Approximately 6% of newly diagnosed breast cancer patients present with Stage IV disease. Systemic therapy has been the cornerstone of treatment for patients with metastatic breast cancer. Breast surgery is often not a consideration for patients with metastatic breast cancer. However, breast surgery can be offered for palliation of symptoms, taking into consideration the risks and benefits of such intervention, in a patient with an ulcerated, bleeding, or a fungating tumor mass, that cannot be controlled with systemic therapy.
Surgical resection of metastatic disease is not a new concept. Previously published results from randomized controlled trials among patients with metastatic breast cancer concluded that there was no survival advantage with surgical intervention. However these results have been questioned because of the small number of participants, and did not take into account either the Hormone Receptor, HER-2 status or the sequence of chemotherapy in relation to the surgical intervention. It therefore remains unclear whether surgery, in addition to systemic treatments and radiation therapy, improves survival for certain patients with metastatic breast cancer.
The authors in this real-world study identified 12,838 patients with HER-2 overexpressing and Hormone Receptor positive, Stage IV breast cancer, from the NCI database. They then studied patients who had either systemic therapy alone, systemic therapy and surgery, or had systemic therapy, surgery and radiation, and evaluated whether certain biologic subtypes and timing of chemotherapy were associated with survival advantages. Specifically, they evaluated whether the Hormone Receptor status had an influence on surgical benefit, in these treatment-responsive breast cancer patients, understanding that triple negative breast cancers are not very responsive to treatment. The researchers excluded patients who died within six months of their diagnoses, in order to ensure that only treatment-responsive cancers were being studied. The goal of this study was to understand if surgery made a difference in metastatic breast cancers that were responsive to treatment.
The researchers noted that patients with a surgical intervention tended to have a longer survival, compared to patients with other treatment plans. Patients whose cancers were HER2-positive saw prolonged survival, especially when their treatment plan included surgery. Further, in addition to the benefit of surgery among treatment-responsive metastatic breast cancer patients, the authors noted that systemic therapy before surgery (preoperative systemic therapy which included chemotherapy and targeted therapies) had the greatest survival advantage in patients with positive HER-2 and Estrogen and Progesterone Receptor status.
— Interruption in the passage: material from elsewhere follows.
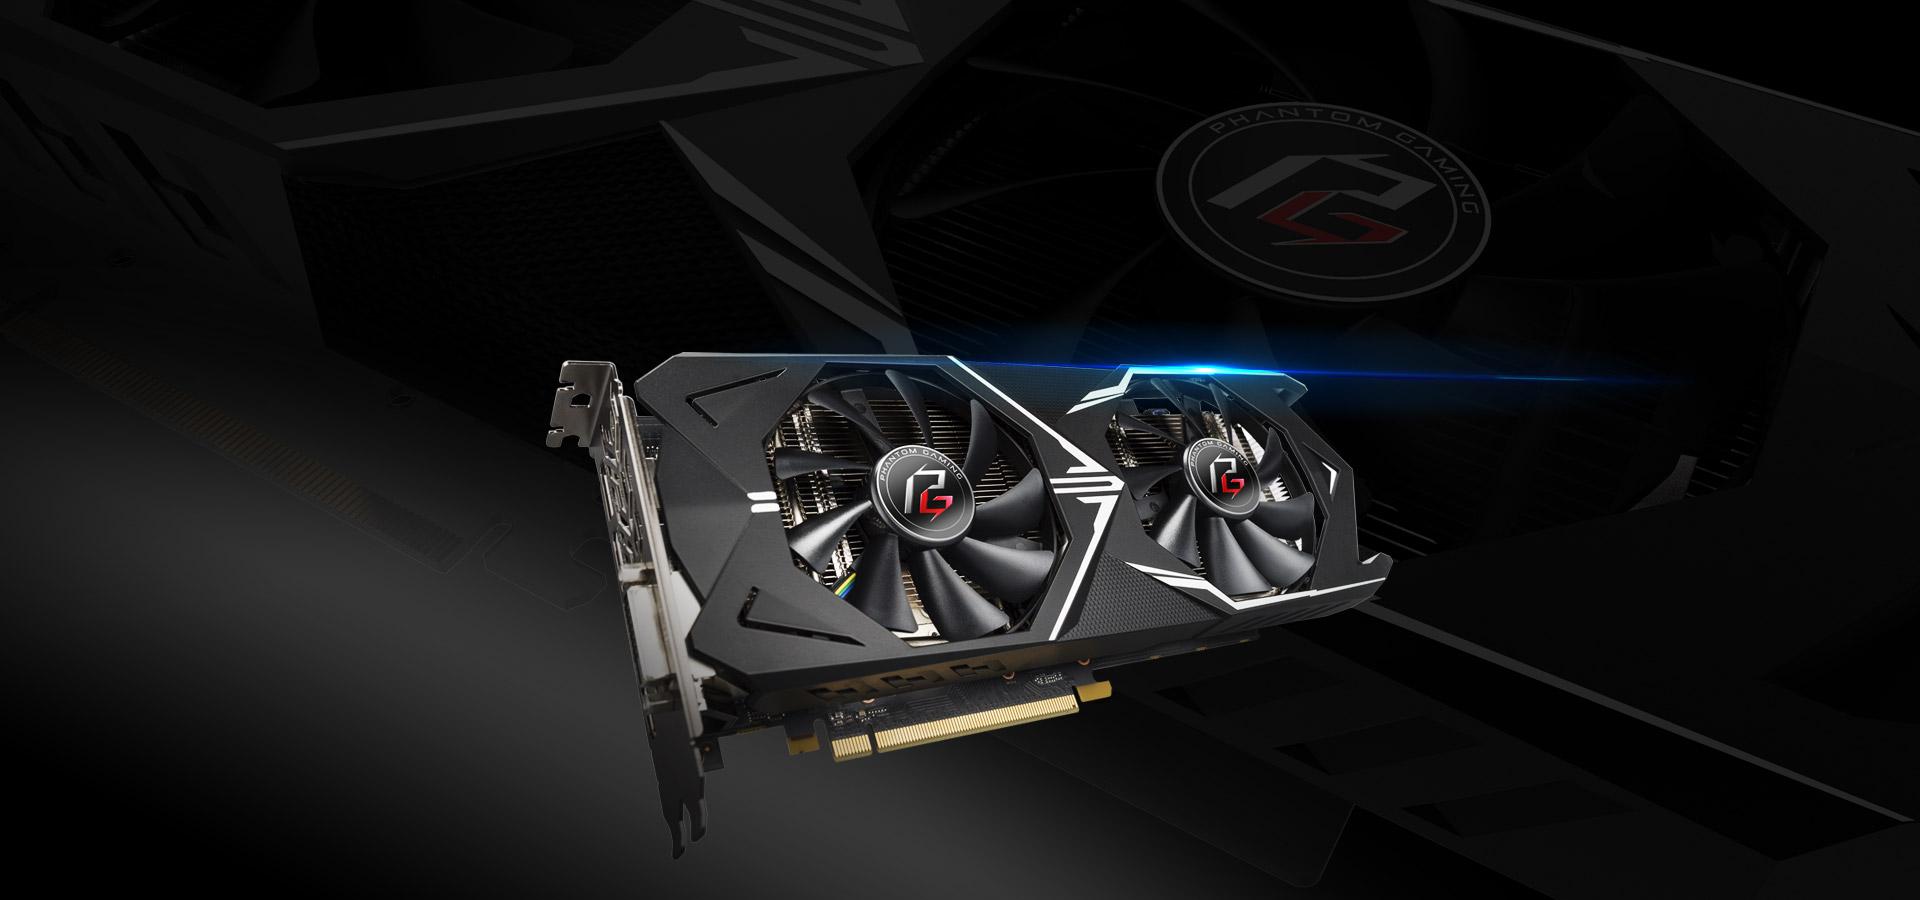 ASROCK AMD RADEON PHANTOM GXR RX570 4G OC

It was concluded from this study that patients with Stage IV breast cancer responsive to systemic therapy may be able to benefit from the addition of surgery, regardless of their biologic subtype. The authors added that clinicians should evaluate real-world evidence, including this study, when choosing the optimal treatment for their patients with metastatic breast cancer, as it may be difficult to conduct randomized clinical trials in this patient population.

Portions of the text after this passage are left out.